Philip Wight

Personal information
- Full name: Philip Wight
- Born: 12 December 1965 (age 60) Cayman Islands
- Role: Batsman

Career statistics
| Competition | List A |
| Matches | 1 |
| Runs scored | 0 |
| Batting average | 0.00 |
| 100s/50s | 0/0 |
| Top score | 0 |
| Balls bowled | 12 |
| Wickets | 0 |
| Bowling average | – |
| 5 wickets in innings | – |
| 10 wickets in match | – |
| Best bowling | – |
| Catches/stumpings | 0/– |
- Source: CricketArchive, 25 September 2007

= Philip Wight =

Cayman Islands cricketer (born 1965)

Philip Wight (born 12 December 1965) is a cricketer. The great-nephew of West Indian Test cricketer Vibart Wight, he has played for the Cayman Islands national cricket team since 2000.

==Career==

Philip Wight made his debut for the Cayman Islands in the 2000 Americas Championship at the Maple Leaf Cricket Club in King City, Ontario, playing against the USA. His brothers Christopher, David and Michael also made their debuts in the same match. Later in the year, he played his only List A match against Guyana in the Red Stripe Bowl.

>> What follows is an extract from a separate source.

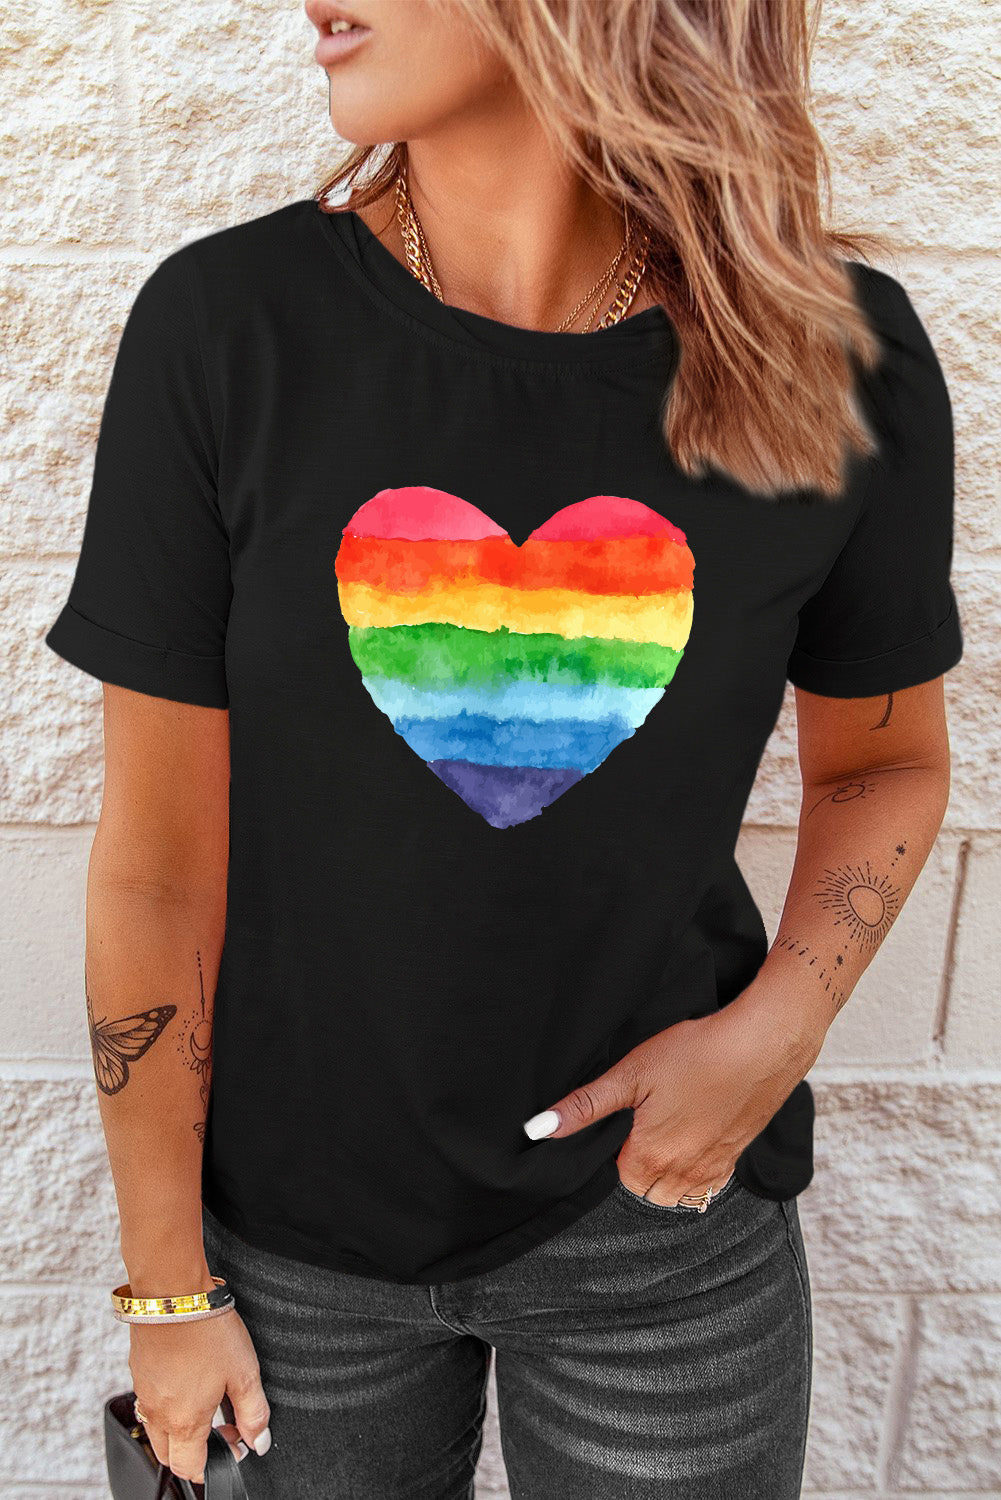 LC25216370-2-S, LC25216370-2-M, LC25216370-2-L, LC25216370-2-XL, LC25216370-2-2XL, Black Pride Shirt Women Rainbow Graphic Tshirts Rainbow Heart LGBTQ Print Tee Tops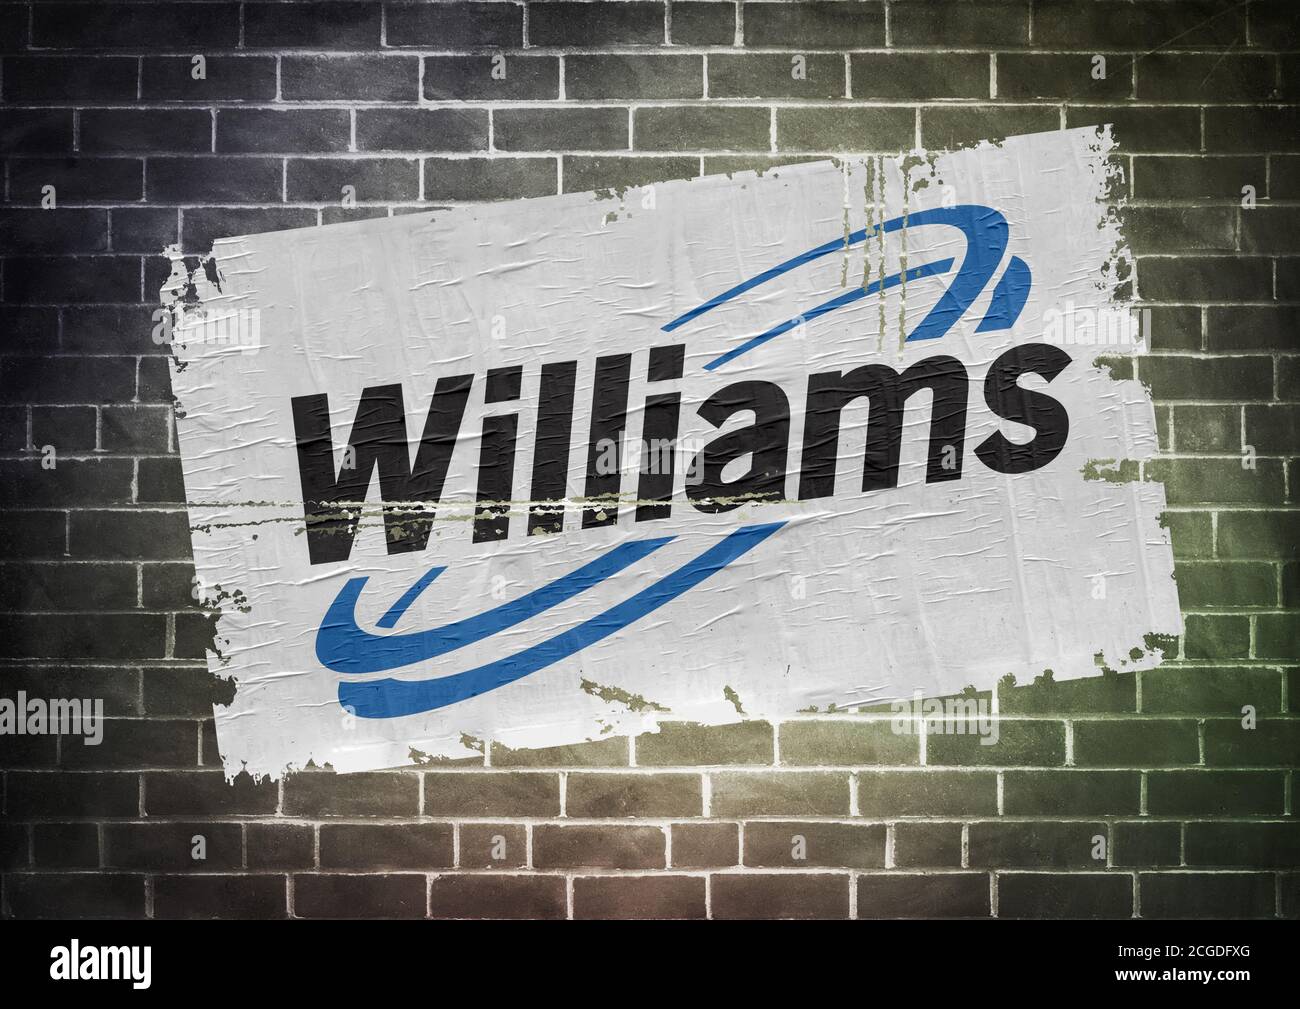 Williams fracking company Stock Photo

He played in the following two Americas Championship tournaments; the 2002 event in Buenos Aires and the 2004 event in Bermuda. In February 2005, he played in the repêchage tournament for the 2005 ICC Trophy in Kuala Lumpur.

He most recently played for the Cayman Islands in August 2006 against Canada and Argentina in the Americas Championship in King City.